It was the party of Northern Yankees

Tuesday, January 4th, 2022

The Republican Party was born as an ethnic party, Razib Khan reminds us:

Formed out of a fusion of the anti-slavery factions in the Whigs and the Democrats, it absorbed the straightforwardly named Free Soil Party and established itself as one half of the American political duopoly that has persisted down to the present. But its core motivations were as much cultural as ideological. It was a revolt of one section of America against the power of the South and “Slave Power.”

Despite all of the nostrums about ending slavery and polygamy and the need for federal investment in public works, the 1856 map shows who the Republican Party first drew its support from: it was the party of Northern Yankees. It was about identity, not ideology. Though in some contexts “Yankee” gets used as shorthand for all Americans, the term originates with the citizens of New England. Seeking opportunity outside of their overpopulated homeland, New England Yankees fanned out from their crowded corner of the United States. Yankee traders and whalers became the most numerous Americans beyond the nation’s shores. So common that the term Yankee became synonymous with American.

New Englanders also migrated westward all along the northern fringe of the United States, creating the “Yankee Empire.” They settled the vast domains of western New York, northern Ohio and Illinois, Michigan, Wisconsin, and Minnesota. Later the western portions of the Yankee Empire also became a magnet for Germans and Scandinavians, whose lifestyles and values were more consonant with those of New Englanders than with other factions of “Old Stock” Americans further south.

This was the soil where the Republican Party took root. In 1860, the Republicans nominated a Kentucky-born candidate, Abraham Lincoln, and the party’s reach expanded to other parts of the north beyond the Yankee fringe, thus capturing political power, which it would hold until FDR’s New Deal. Until Roosevelt’s realignment, every election involved jockeying between the old factions of Yankees, other Northerners, and the South. Though all these groups were white, their rivalries were deep and old. Despite attempts to patch up the fabric of American society, the blood spilled during the Civil War forever held the citizens of the North and South at a remove from one another.

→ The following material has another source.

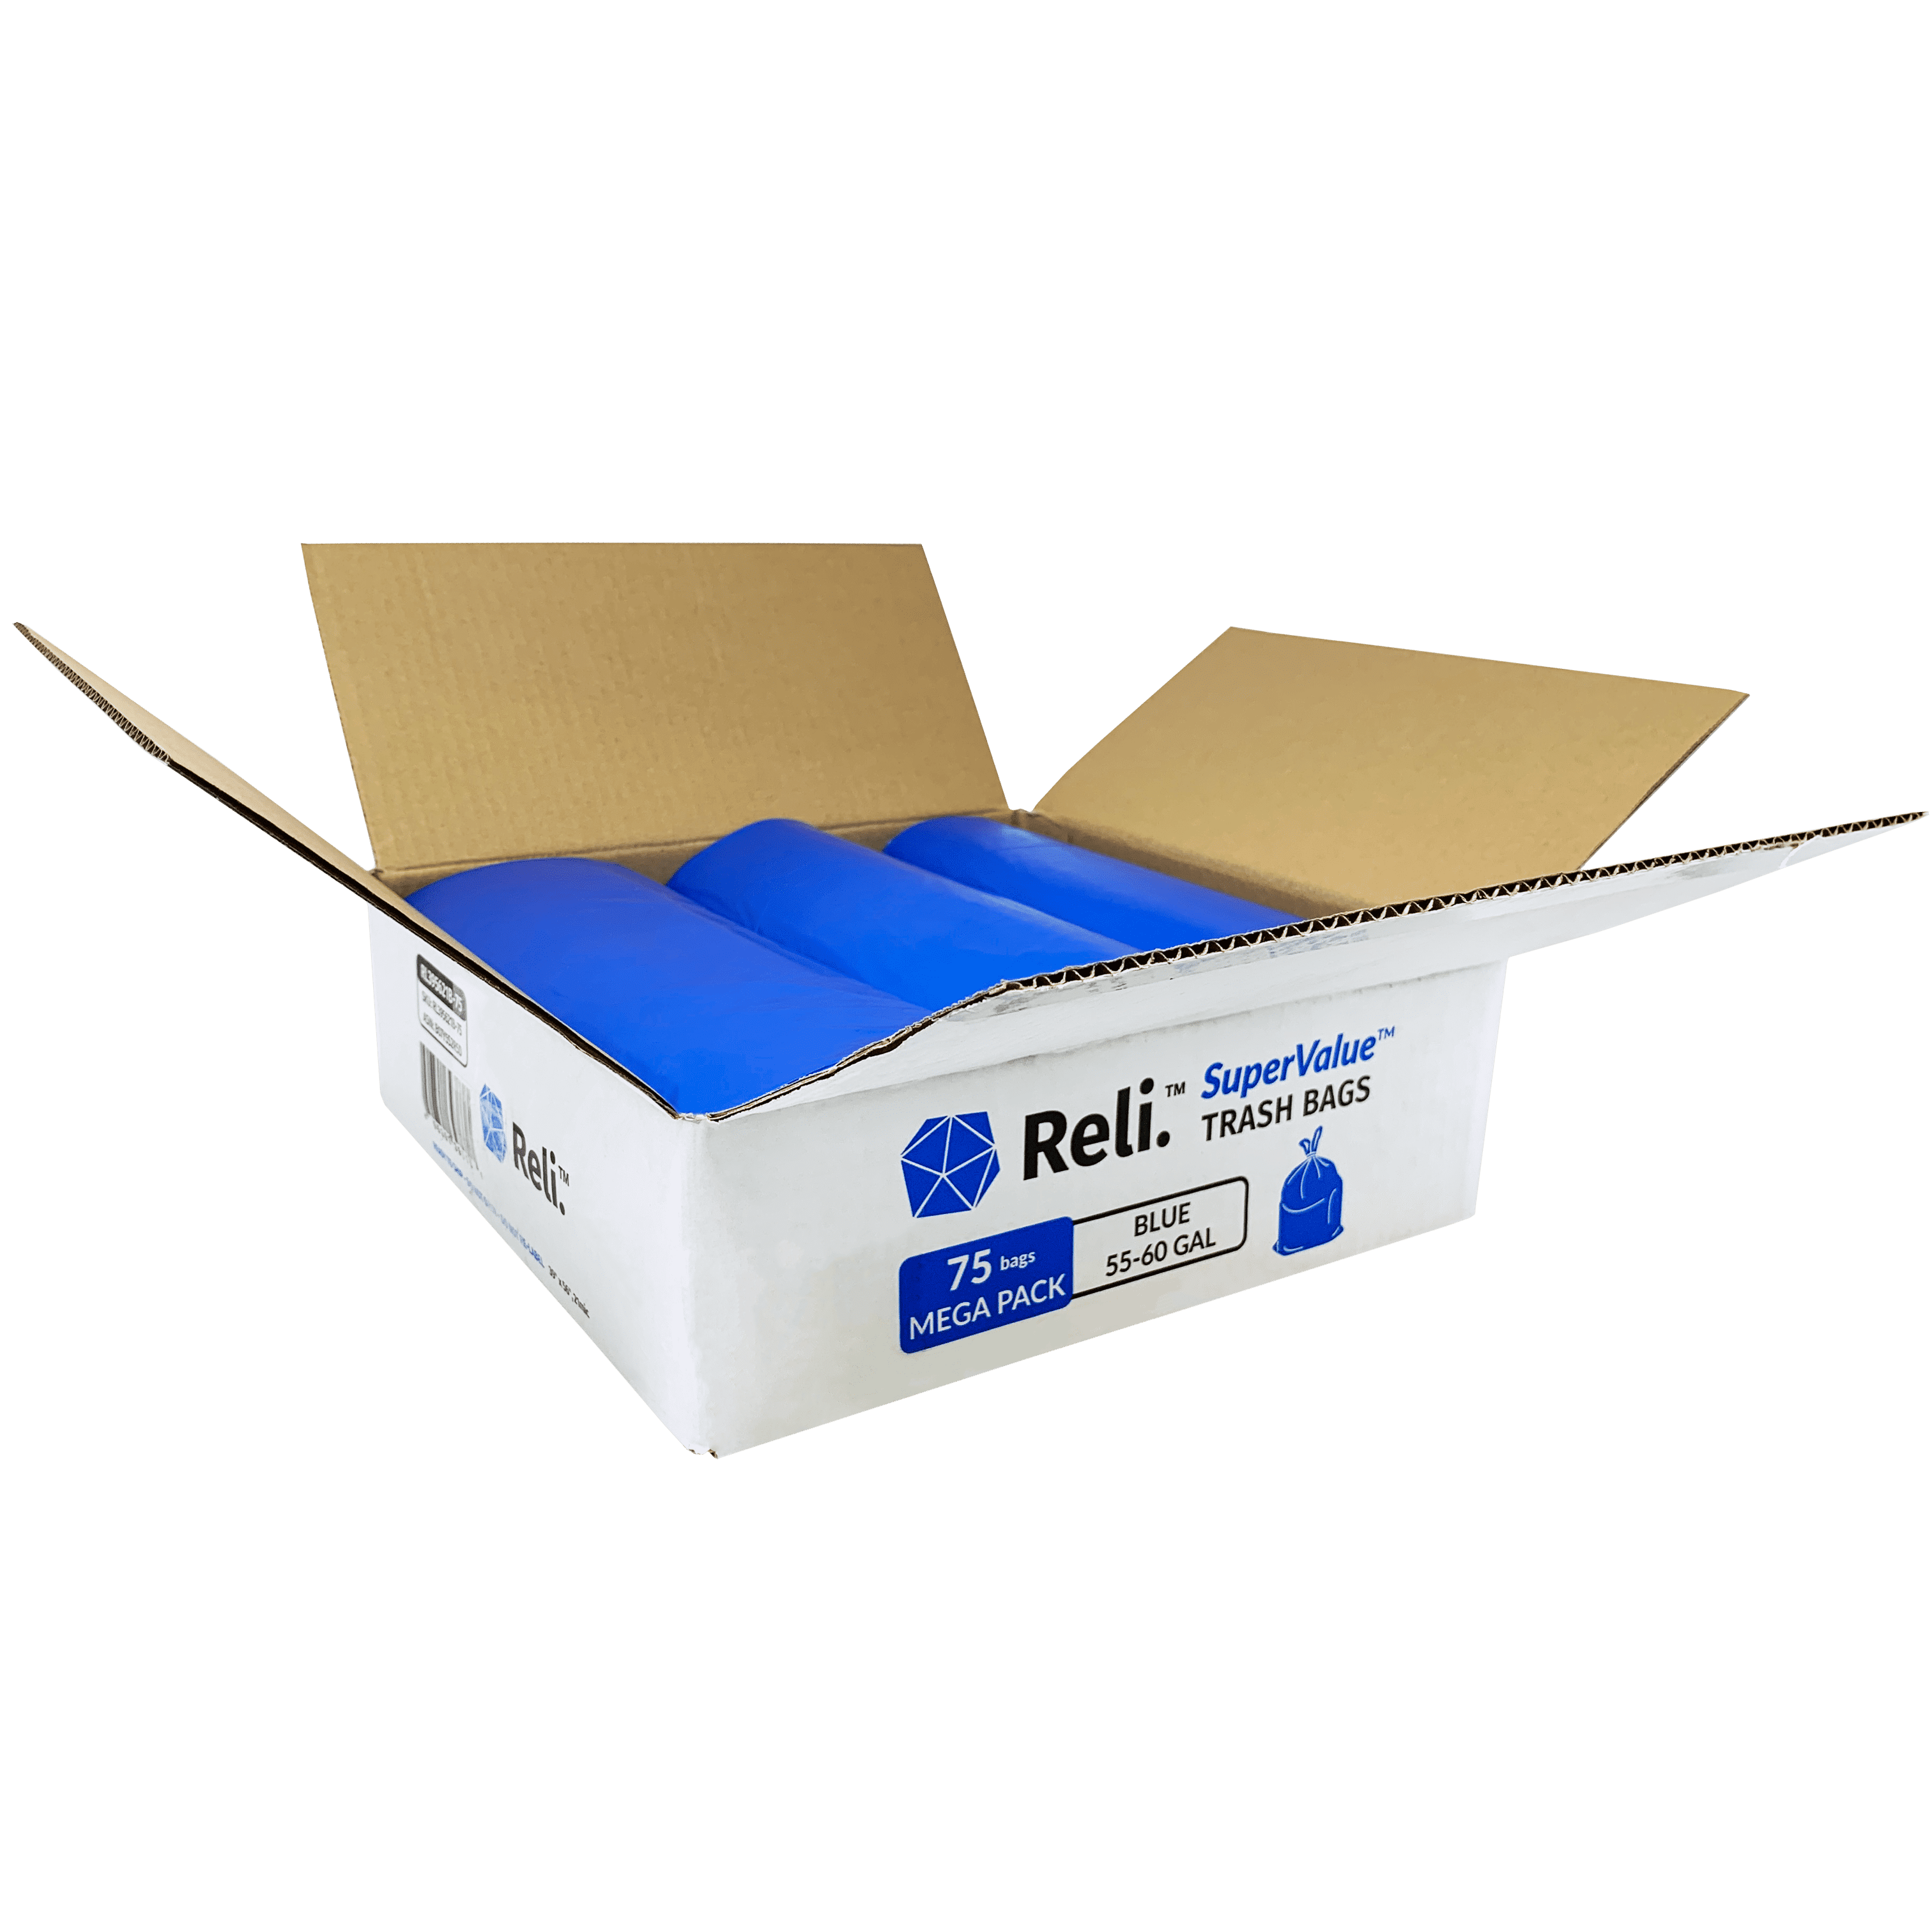 Reli. 2-4 Gallon Trash Bags, Small Recycling Blue Garbage Bags

In contrast, in 2020 the debate often foregrounds “whites” and “communities of color” as if the world is divided into such stark demographic dualities and always has been. Only it isn’t describing anything more than a recent fashion.

Comments

  1. Bob Sykes says:

    The Republican Party was also an anti-immigrant, anti-Catholic party, and it still is. The Boston Schools still had some anti-Catholic, evangelizing Protestant teachers in the 1950′s when I was enrolled there.